Issue 117: Rainforest

He was alone, had nobody to talk to, no music to play, but walked and walked to his unknown destiny. Was he sad or happy? He didn’t know. He didn’t care. The past had gone, the future hadn’t arrived, and he lived just in the now. His mind was too tired to think of the past or the future and of emotional events, but he was fully alert to every little movement of nature.

(117)

(the scary mountains and the rain forest)

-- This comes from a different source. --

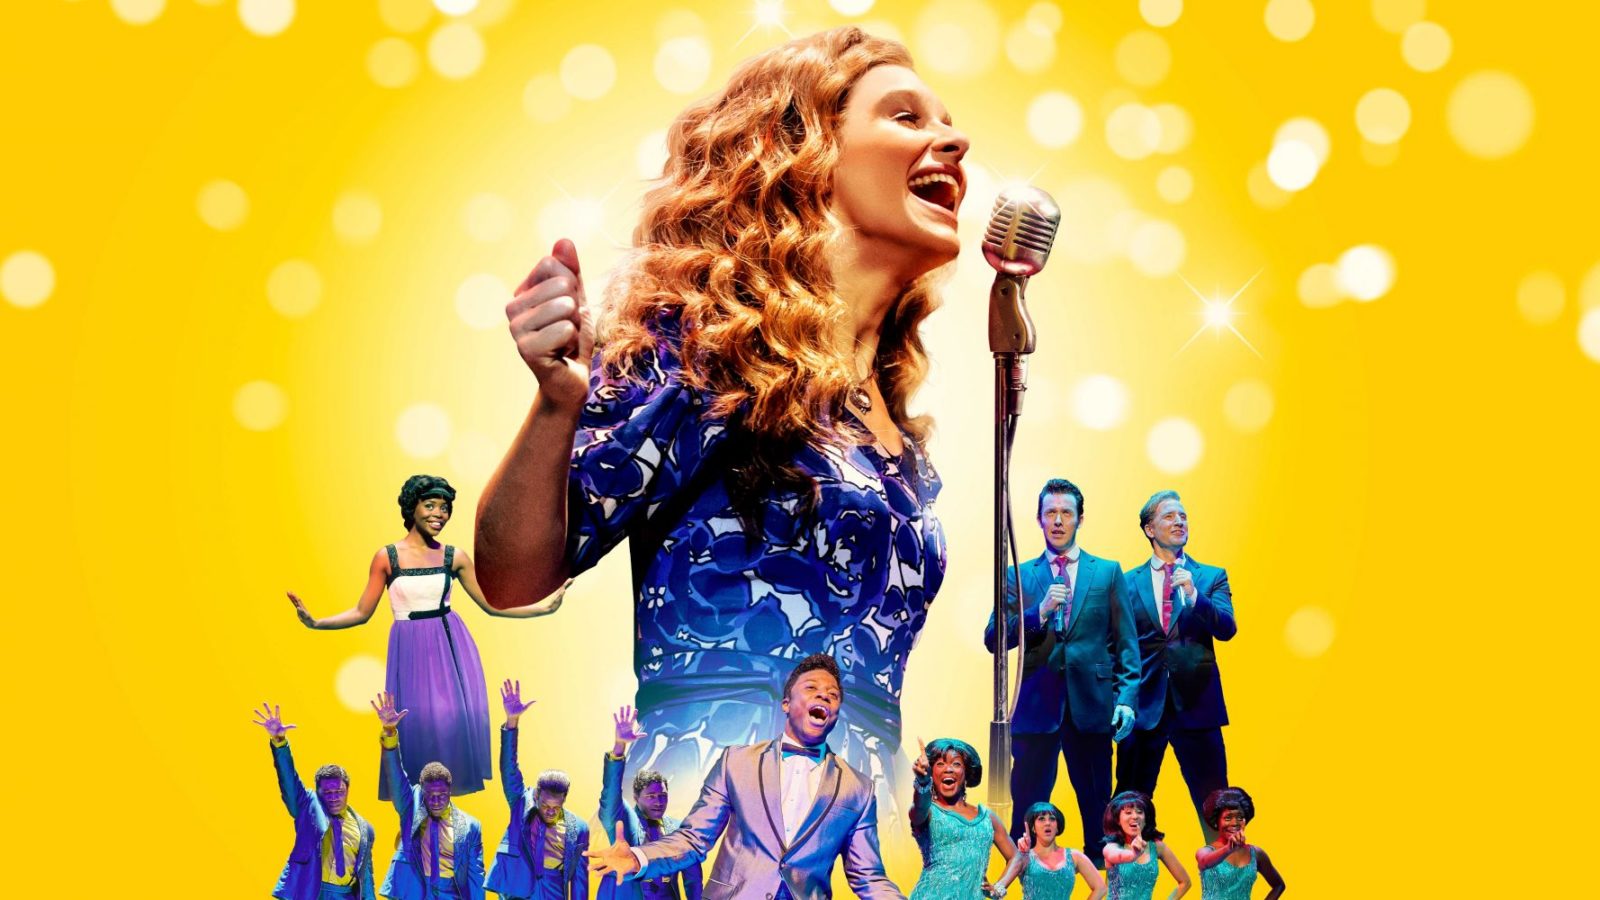 Beautiful: The Carole King Musical | Jay and Susie Gogue
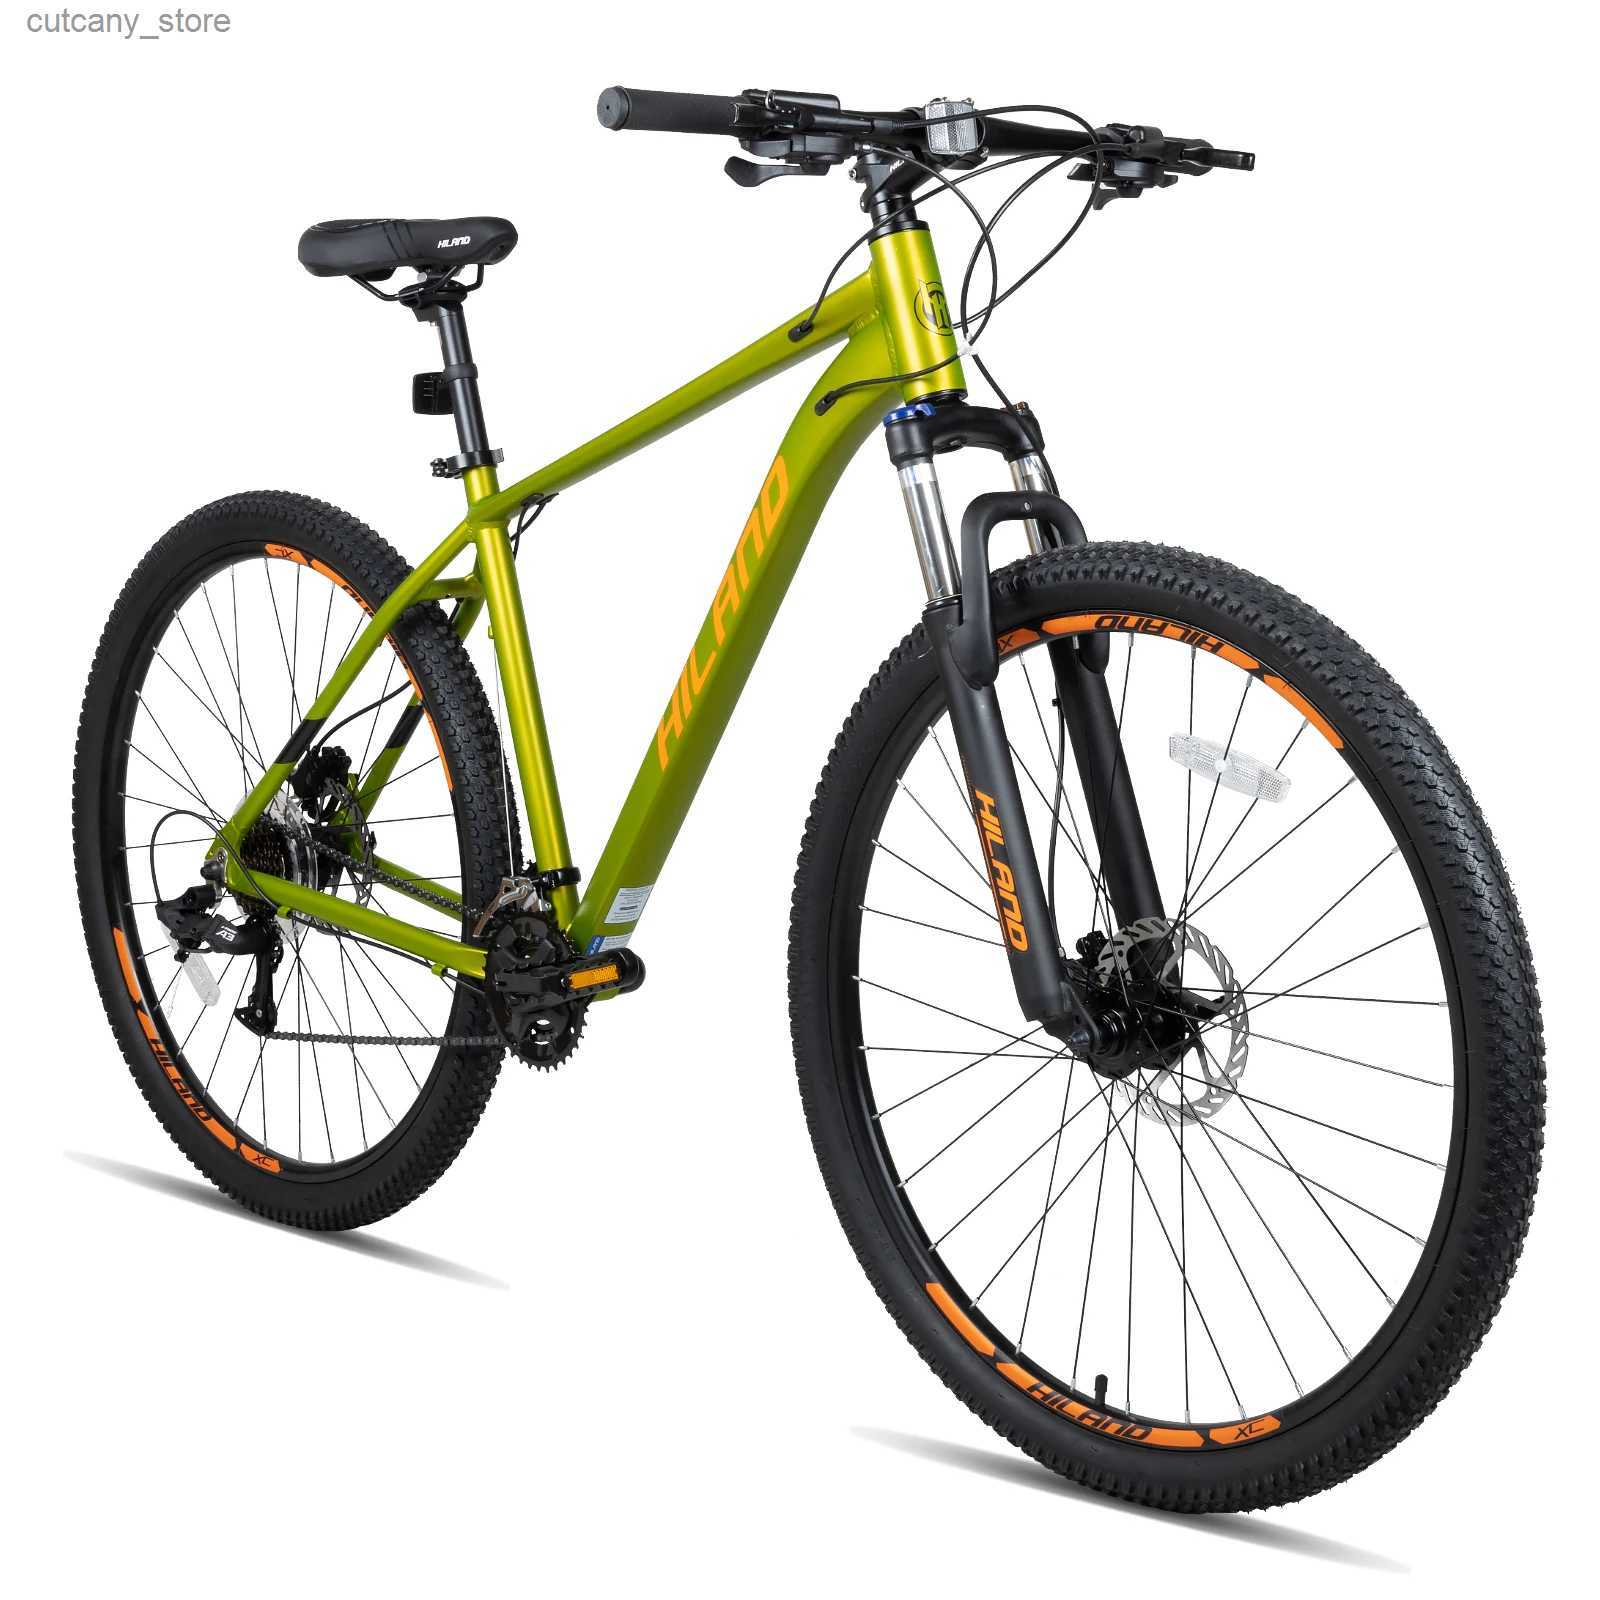 Bikes Ride-Ons Hiland 29 Inch Mountain Bike for Men Adult Bicyc Aluminum Hydraulic Disc-Brake 16-Speed with Lock-Out Suspension Fork MTB L240319

Shano had now entered the scary mountains where nobody should go. What would happen seemed not to bother him anyway. But, for now at least, nothing special happened and everything around looked quite happy. The weather was cool and fair. But Shano himself wasn’t happy, of course. Whenever there was nothing to distract his mind – and there was indeed very little entertainment for the mind in the lonely fields between the mountains – his thoughts wondered to her, and to the moment she had pulled the veil over her head and had disappeared for ever.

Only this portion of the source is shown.